Budget 2012: Mixed signals

Autocar Pro News DeskBy Autocar Pro News Desk calendar 01 Apr 2012 Views icon2373 Views Share - Share to Facebook Share to Twitter Share to LinkedIn Share to Whatsapp
Budget 2012:  Mixed signals
THE UNION BUDGET of 2012-13 has sent out mixed signals. It has taxed the big cars and SUVs and offered more tax palliative to hybrid vehicles. The overall increase in taxes on cars, especially bigger cars, is welcome as it is needed to cut fuel guzzling and emissions. However, the much-awaited reform to tax the diesel car high to stop misuse of underpriced and under-taxed diesel for luxury use in cars has not been considered. It is ironical that while the Budget speech has emphasised on the urgency to reduce the subsidy bill to two percent of GDP in three years, it fails to restrain use of subsidised diesel in personal cars.

Hybrids continue to win. Specified parts for hybrid vehicles already enjoy full exemption from basic customs duty and special CVD with concessional excise duty / CVD of six percent. This has now been extended to specified additional items and lithium ion batteries imported for the manufacture of battery packs for supply to electric or hybrid vehicle manufacturers. This should help the emerging technology of hybrids to get a foothold in the market.
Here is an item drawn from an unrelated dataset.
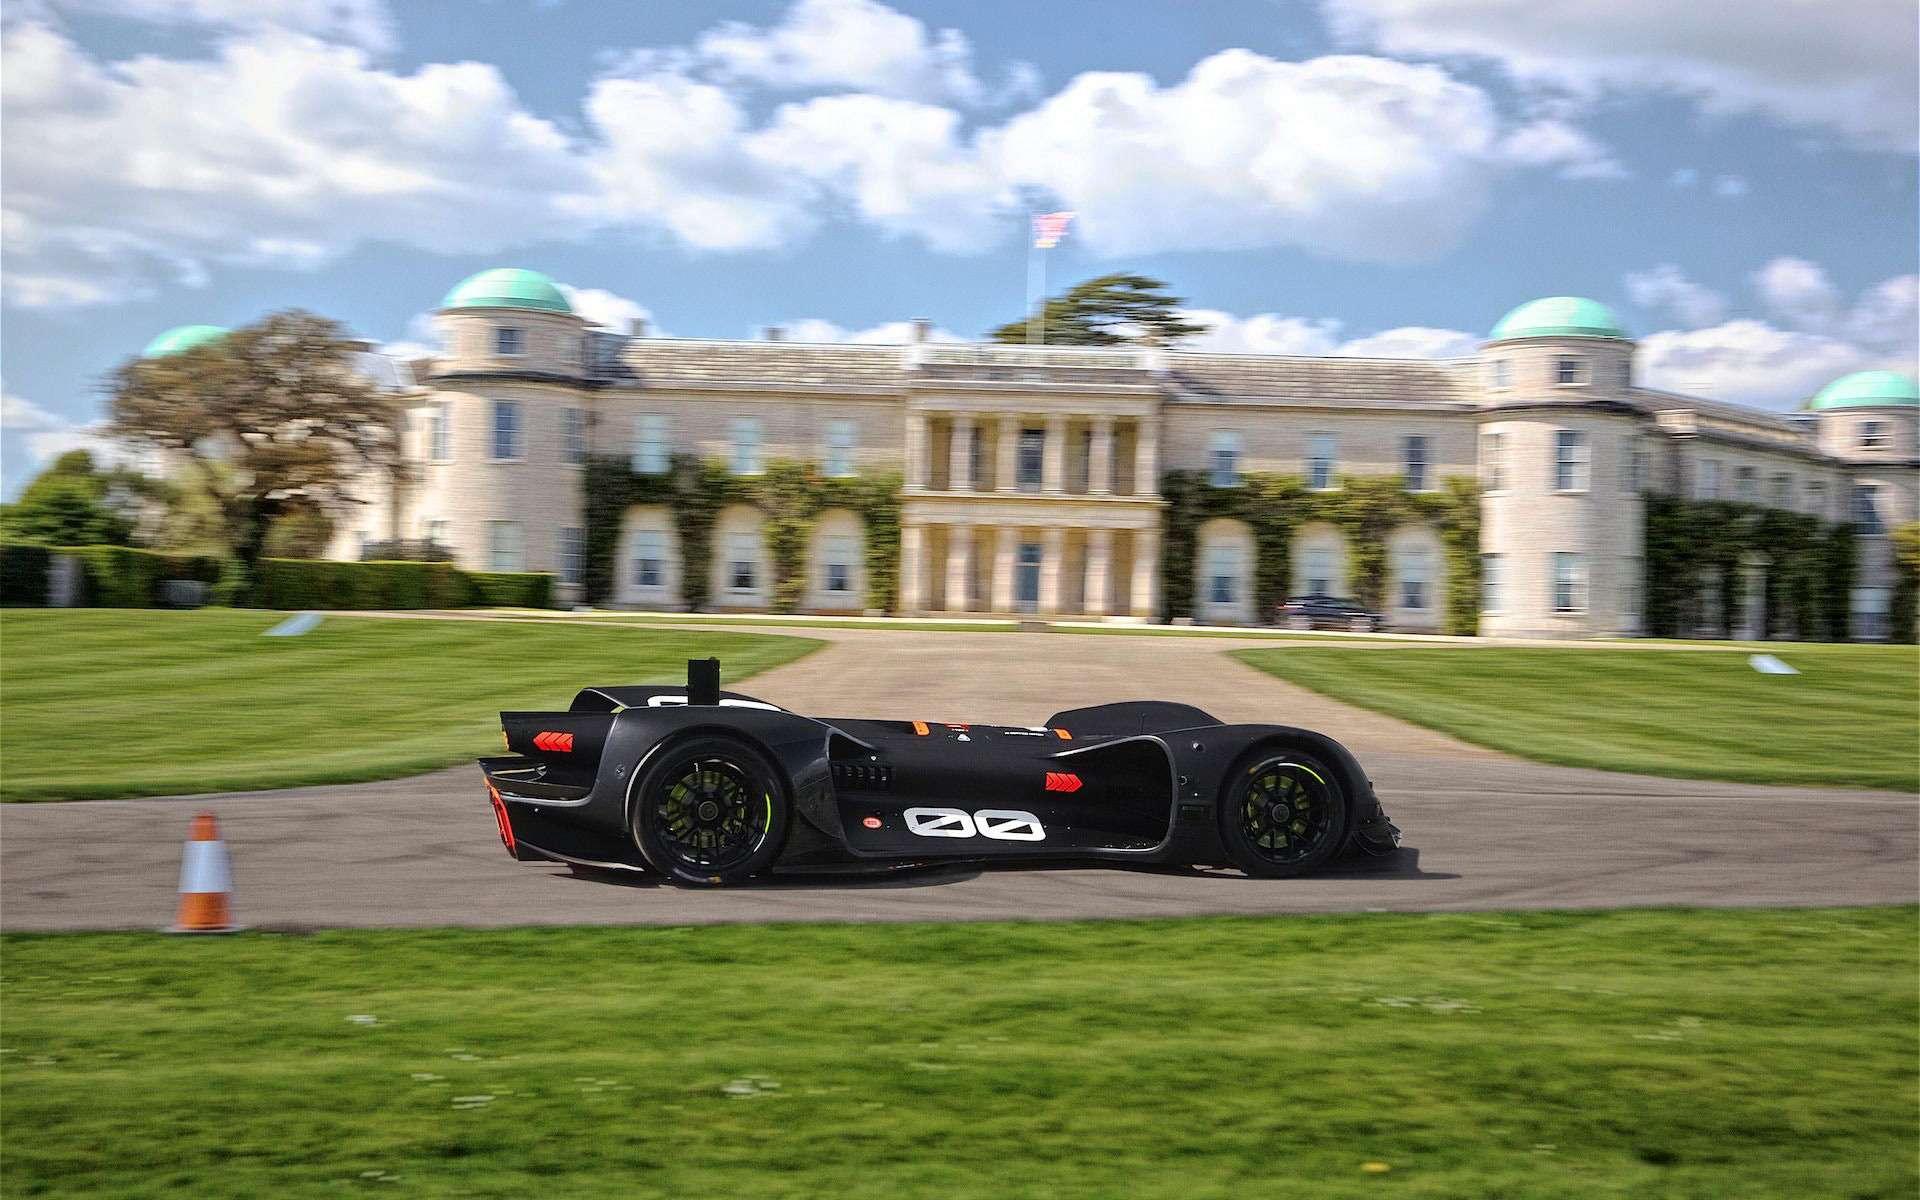 La version finale de la voiture de course autonome Roborace. © Roborace

Overall, the taxes on cars have increased and more so for bigger cars. This is needed to stem the market shift towards bigger cars and SUVs.
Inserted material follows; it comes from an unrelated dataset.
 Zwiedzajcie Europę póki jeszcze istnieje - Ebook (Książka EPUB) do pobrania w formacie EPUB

It is, however, extremely disappointing that the proposal to tax the diesel car higher to control dieselisation has been ignored despite strong recommendations from the petroleum ministry and the official committees. This will have serious consequences, not only in terms of compounding the revenue and under-recovery losses of the government and the oil companies but also in increasing the public health costs.

Diesel cars are already selling more than the petrol cars. The sale of diesel models in popular segments is as high as 50-75 percent. Despite the recession, diesel car sales overall have jumped 34 percent in 2010-11. As the fuel prices remain distorted, increase in both capital and operational costs of petrol cars is adding to the lure of diesel cars. In fact, petrol cars have begun to record negative growth. Cheap diesel is also pushing the market towards bigger cars and SUVs that guzzle more fuels. High petrol prices have kept the bulk of the petrol car sales – as much as 87 percent – below 1200cc engine size. But more than 40 percent of diesel cars are above 1500cc. This trend will now explode.
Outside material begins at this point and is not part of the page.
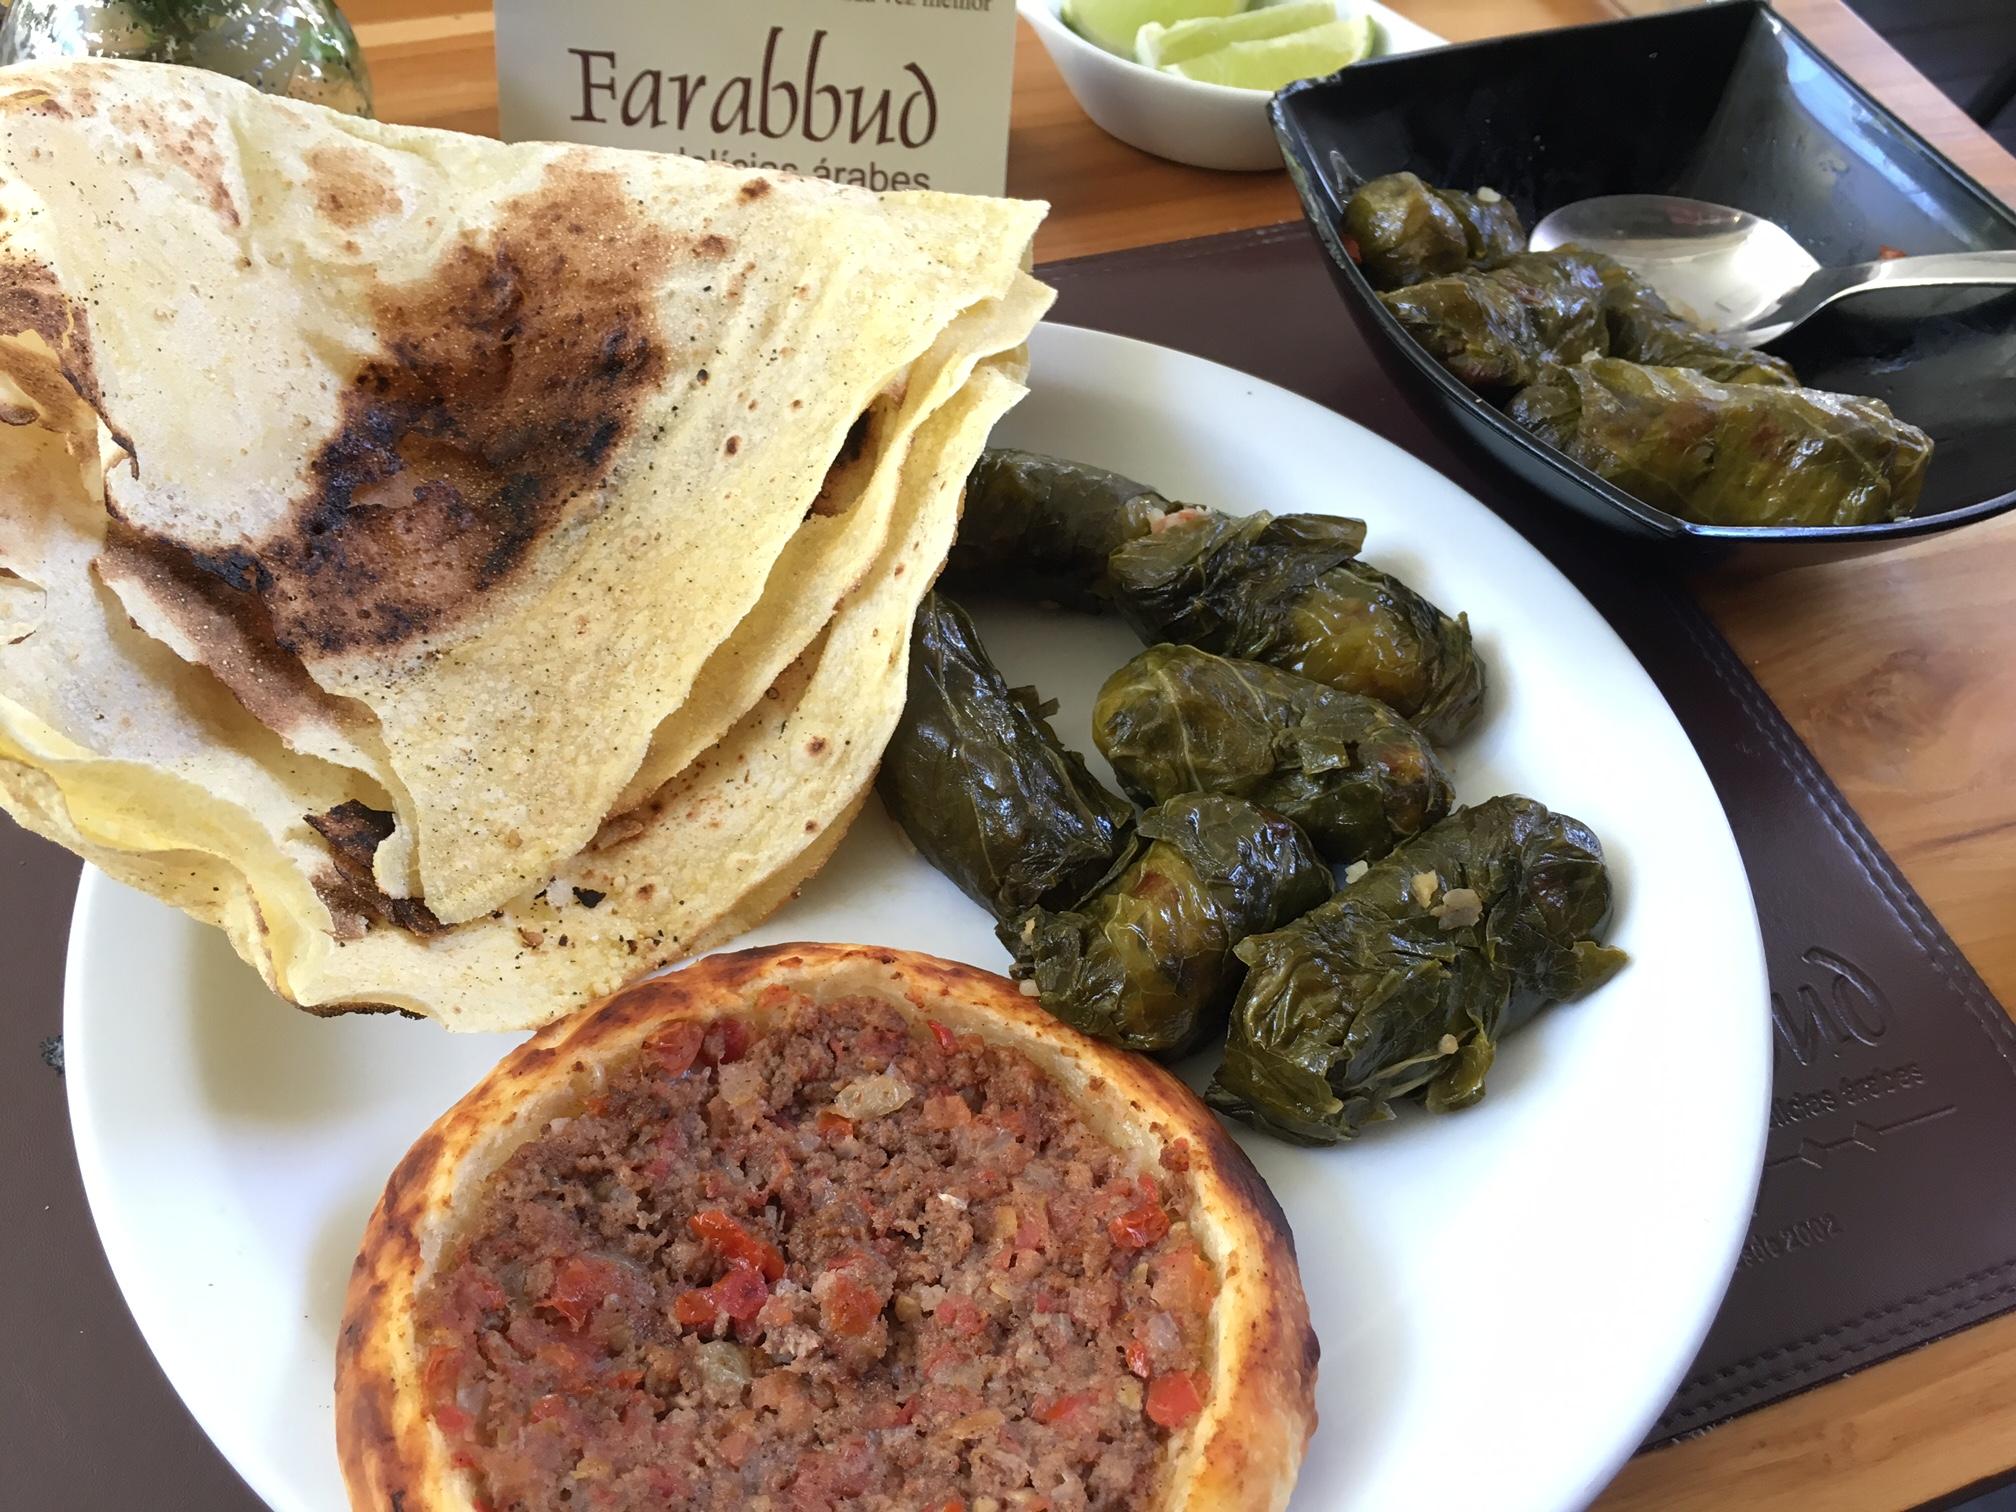 Desde 2002, Farabbud conquista com alma sírio-libanesa

Meanwhile, car majors have come forth to announce that they are committed to expanding diesel facilities. Clearly, the official policy by design is letting the car industry ride high on the perverse diesel subsidy and support car mobility for the rich.

With each litre of diesel replaced with petrol, excise revenue drops seven times. Losses from other central and state taxes are not even accounted for. At every stage of price build-up – pre-tax adjustments, dealer commission, state taxes – the fuel price gap gapes wider. But pollution and congestion in our cities cannot tolerate subsidy to personal cars. This inaction on diesel cars will add to our health budget. The WHO, International Agency for Cancer Research, California Air Resources Board and US Environmental Protection Agency have branded diesel particulates as human carcinogens and implicated them for lung cancer that is also rising in our cities.

Other governments have followed tax measures to control use of under-taxed and intermediate level of diesel technology and fuels. Brazil has banned diesel cars as it taxes diesel low. In Denmark, diesel cars are taxed higher to offset the lower prices of the fuel.

In China, taxes do not differentiate between petrol and diesel, while Sri Lanka uses taxation to discourage diesel cars and has reversed the dieselisation trend.

India needs urgent fiscal measures not only to stop dieselisation of the car segment but also to enable introduction of clean diesel with 10ppm sulphur level that allows use of advanced emissions control system to cut toxic diesel emissions. The additional revenue from diesel cars can help to meet the refinery costs of producing clean diesel especially needed for the captive users like bus and trucks.

The writing on the wall is clear. The tax hike on big cars and tax support for cleaner hybrids is welcome but the impact of these initiatives can get negated if toxic diesel emissions increase in our polluted cities.

"India needs urgent fiscal measures not only to stop dieselisation of the car segment but also to enable introduction of clean diesel with 10ppm sulphur level that allows use of advanced emissions control system to cut toxic diesel emissions."